◆ INSTRUCTIONS TO FOLLOW:
Repeat each record below exactly as it is written.

◆ SUPPLIED INFORMATION:
Content starts

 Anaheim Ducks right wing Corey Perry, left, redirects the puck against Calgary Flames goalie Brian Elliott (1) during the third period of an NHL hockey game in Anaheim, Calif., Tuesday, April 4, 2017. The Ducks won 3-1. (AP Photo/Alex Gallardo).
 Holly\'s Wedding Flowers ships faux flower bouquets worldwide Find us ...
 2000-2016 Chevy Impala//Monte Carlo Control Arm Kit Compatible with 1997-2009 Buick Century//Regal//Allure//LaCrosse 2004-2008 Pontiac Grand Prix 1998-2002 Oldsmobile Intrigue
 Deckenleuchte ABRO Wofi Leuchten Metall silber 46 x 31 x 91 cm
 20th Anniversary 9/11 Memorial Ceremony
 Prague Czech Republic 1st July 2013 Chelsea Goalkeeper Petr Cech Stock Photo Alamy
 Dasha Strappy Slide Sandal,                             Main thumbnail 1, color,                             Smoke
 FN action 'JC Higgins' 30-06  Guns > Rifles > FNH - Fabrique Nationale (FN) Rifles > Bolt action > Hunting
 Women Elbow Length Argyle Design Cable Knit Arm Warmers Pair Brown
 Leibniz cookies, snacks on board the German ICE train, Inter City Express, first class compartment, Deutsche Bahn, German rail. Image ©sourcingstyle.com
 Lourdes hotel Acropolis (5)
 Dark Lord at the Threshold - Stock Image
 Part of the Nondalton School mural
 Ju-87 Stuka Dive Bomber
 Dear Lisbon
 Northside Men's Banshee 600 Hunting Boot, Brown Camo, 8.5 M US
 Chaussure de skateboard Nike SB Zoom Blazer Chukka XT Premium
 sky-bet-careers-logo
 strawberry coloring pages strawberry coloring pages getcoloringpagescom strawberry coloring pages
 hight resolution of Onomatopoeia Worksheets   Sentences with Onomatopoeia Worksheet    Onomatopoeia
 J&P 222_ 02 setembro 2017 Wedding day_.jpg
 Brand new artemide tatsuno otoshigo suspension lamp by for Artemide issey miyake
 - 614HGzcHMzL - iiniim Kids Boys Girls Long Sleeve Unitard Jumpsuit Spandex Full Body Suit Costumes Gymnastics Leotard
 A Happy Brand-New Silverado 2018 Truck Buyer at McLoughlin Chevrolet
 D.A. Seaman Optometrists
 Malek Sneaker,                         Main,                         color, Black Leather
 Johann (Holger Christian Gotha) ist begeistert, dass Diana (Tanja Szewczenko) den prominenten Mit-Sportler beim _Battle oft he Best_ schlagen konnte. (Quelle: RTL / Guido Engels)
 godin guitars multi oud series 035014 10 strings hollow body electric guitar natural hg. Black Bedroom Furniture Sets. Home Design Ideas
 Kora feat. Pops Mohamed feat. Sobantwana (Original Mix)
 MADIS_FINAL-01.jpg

Content ends

◆ WRITTEN REPLY:
 Anaheim Ducks right wing Corey Perry, left, redirects the puck against Calgary Flames goalie Brian Elliott (1) during the third period of an NHL hockey game in Anaheim, Calif., Tuesday, April 4, 2017. The Ducks won 3-1. (AP Photo/Alex Gallardo).
 Holly\'s Wedding Flowers ships faux flower bouquets worldwide Find us ...
 2000-2016 Chevy Impala//Monte Carlo Control Arm Kit Compatible with 1997-2009 Buick Century//Regal//Allure//LaCrosse 2004-2008 Pontiac Grand Prix 1998-2002 Oldsmobile Intrigue
 Deckenleuchte ABRO Wofi Leuchten Metall silber 46 x 31 x 91 cm
 20th Anniversary 9/11 Memorial Ceremony
 Prague Czech Republic 1st July 2013 Chelsea Goalkeeper Petr Cech Stock Photo Alamy
 Dasha Strappy Slide Sandal,                             Main thumbnail 1, color,                             Smoke
 FN action 'JC Higgins' 30-06  Guns > Rifles > FNH - Fabrique Nationale (FN) Rifles > Bolt action > Hunting
 Women Elbow Length Argyle Design Cable Knit Arm Warmers Pair Brown
 Leibniz cookies, snacks on board the German ICE train, Inter City Express, first class compartment, Deutsche Bahn, German rail. Image ©sourcingstyle.com
 Lourdes hotel Acropolis (5)
 Dark Lord at the Threshold - Stock Image
 Part of the Nondalton School mural
 Ju-87 Stuka Dive Bomber
 Dear Lisbon
 Northside Men's Banshee 600 Hunting Boot, Brown Camo, 8.5 M US
 Chaussure de skateboard Nike SB Zoom Blazer Chukka XT Premium
 sky-bet-careers-logo
 strawberry coloring pages strawberry coloring pages getcoloringpagescom strawberry coloring pages
 hight resolution of Onomatopoeia Worksheets   Sentences with Onomatopoeia Worksheet    Onomatopoeia
 J&P 222_ 02 setembro 2017 Wedding day_.jpg
 Brand new artemide tatsuno otoshigo suspension lamp by for Artemide issey miyake
 - 614HGzcHMzL - iiniim Kids Boys Girls Long Sleeve Unitard Jumpsuit Spandex Full Body Suit Costumes Gymnastics Leotard
 A Happy Brand-New Silverado 2018 Truck Buyer at McLoughlin Chevrolet
 D.A. Seaman Optometrists
 Malek Sneaker,                         Main,                         color, Black Leather
 Johann (Holger Christian Gotha) ist begeistert, dass Diana (Tanja Szewczenko) den prominenten Mit-Sportler beim _Battle oft he Best_ schlagen konnte. (Quelle: RTL / Guido Engels)
 godin guitars multi oud series 035014 10 strings hollow body electric guitar natural hg. Black Bedroom Furniture Sets. Home Design Ideas
 Kora feat. Pops Mohamed feat. Sobantwana (Original Mix)
 MADIS_FINAL-01.jpg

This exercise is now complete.